With a wave of the wand, that would make public company executives a whole lot more like private company executives -- focused on appeasing customers and building an institution for the long term.

This was drilled home in a recent Fortune profile of the privately held Hearst Corp. At a time when media companies are hurting badly -- most notably, public media companies like Gannett and The New York Times -- Hearst is thriving.

One big reason: Its management team hasn't been subjected to the pressures of Wall Street. As one analyst told Fortune, "They [Hearst] go by their own wavelength. They don't talk to Wall Street. You try, they hang up on you."

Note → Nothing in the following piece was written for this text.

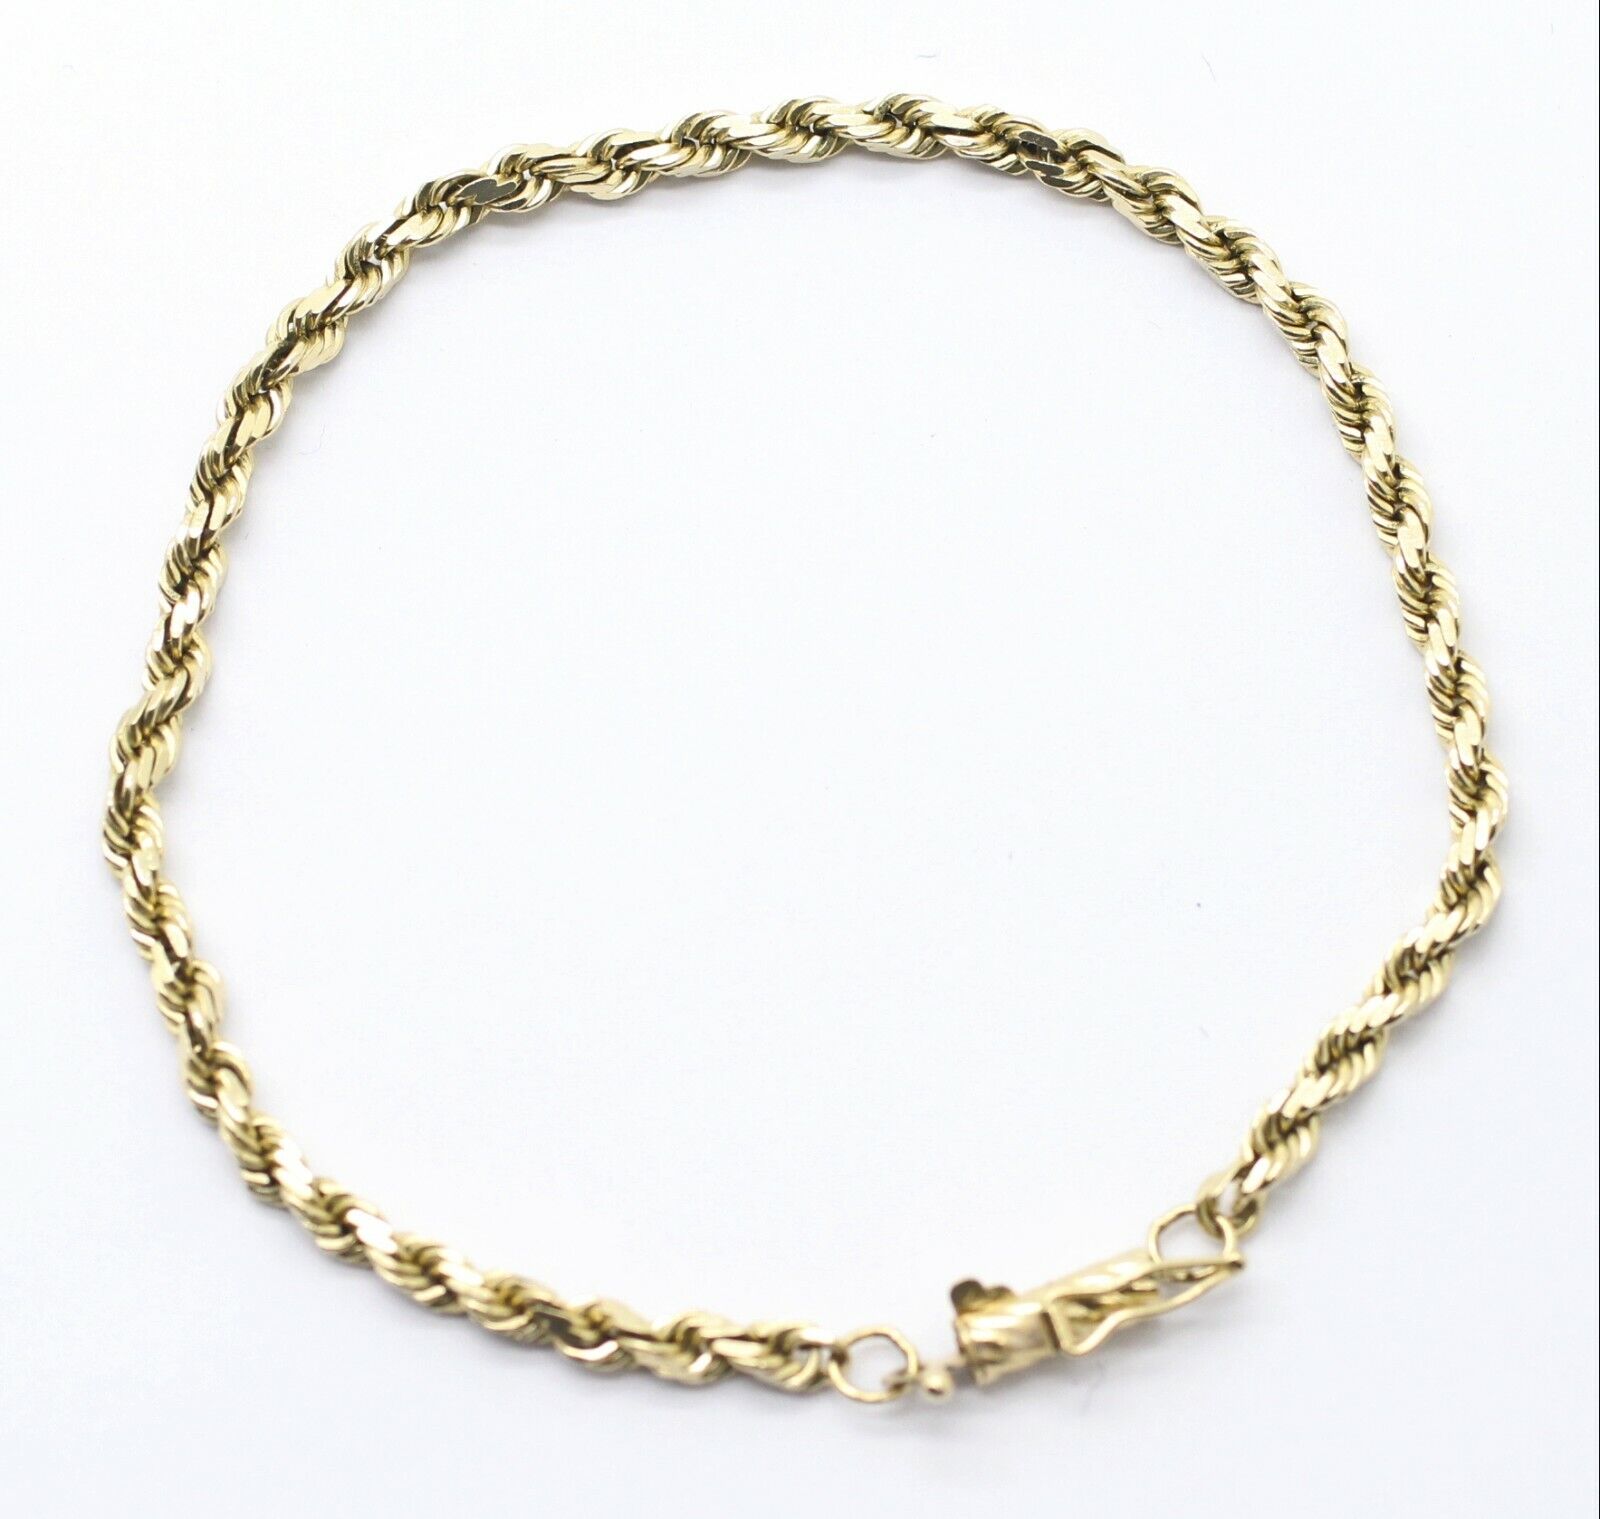 Women's Rope Chain Bracelet in 14kt Yellow Gold 5.50grs

As a result, "about 90% of Hearst's revenue now comes from businesses that were not part of" the company in 1979. Some novel sources: a 20% stake in ESPN, Fitch Ratings service, and a grass-fed beef business.

There are examples of this type of leadership in public companies -- Bob Iger at Disney (DIS 1.54%), Jim Sinegal and his successor Craig Jelineck at Costco (COST 1.01%), Warren Buffett at Berkshire Hathaway (BRK.A -0.34%). But the shining example in our public markets is Amazon.com (AMZN 1.30%), where Jeff Bezos has turned Amazon from a mere online bookseller to the store where you buy everything. And along the way, it's built an incredible "side" business in Amazon Web Services. He's done this (famously) without turning much of a profit because Bezos constantly plows money into building Amazon.

It will be a great day when that sort of long-term, business-building mentality isn't such a novelty among public company executives.

What can be done?
There are potential policy solutions -- like a higher short-term capital gains tax rate or special incentives for long-term investors such as a special dividend or a 0% capital gains rate for a lengthy holding period -- which I'll leave for another discussion. But the best solution to this is also the most unlikely -- a change in behavior, in how shareholders judge their executives and, therefore, how executives manage their company.

We must look years out (not quarters). We must be patient. We must not overreact to failure -- CEOs are not flawless and will back the wrong horse from time to time.

To come full-circle to Bogle, think like an owner, not a renter. And demand that our boardrooms do the same.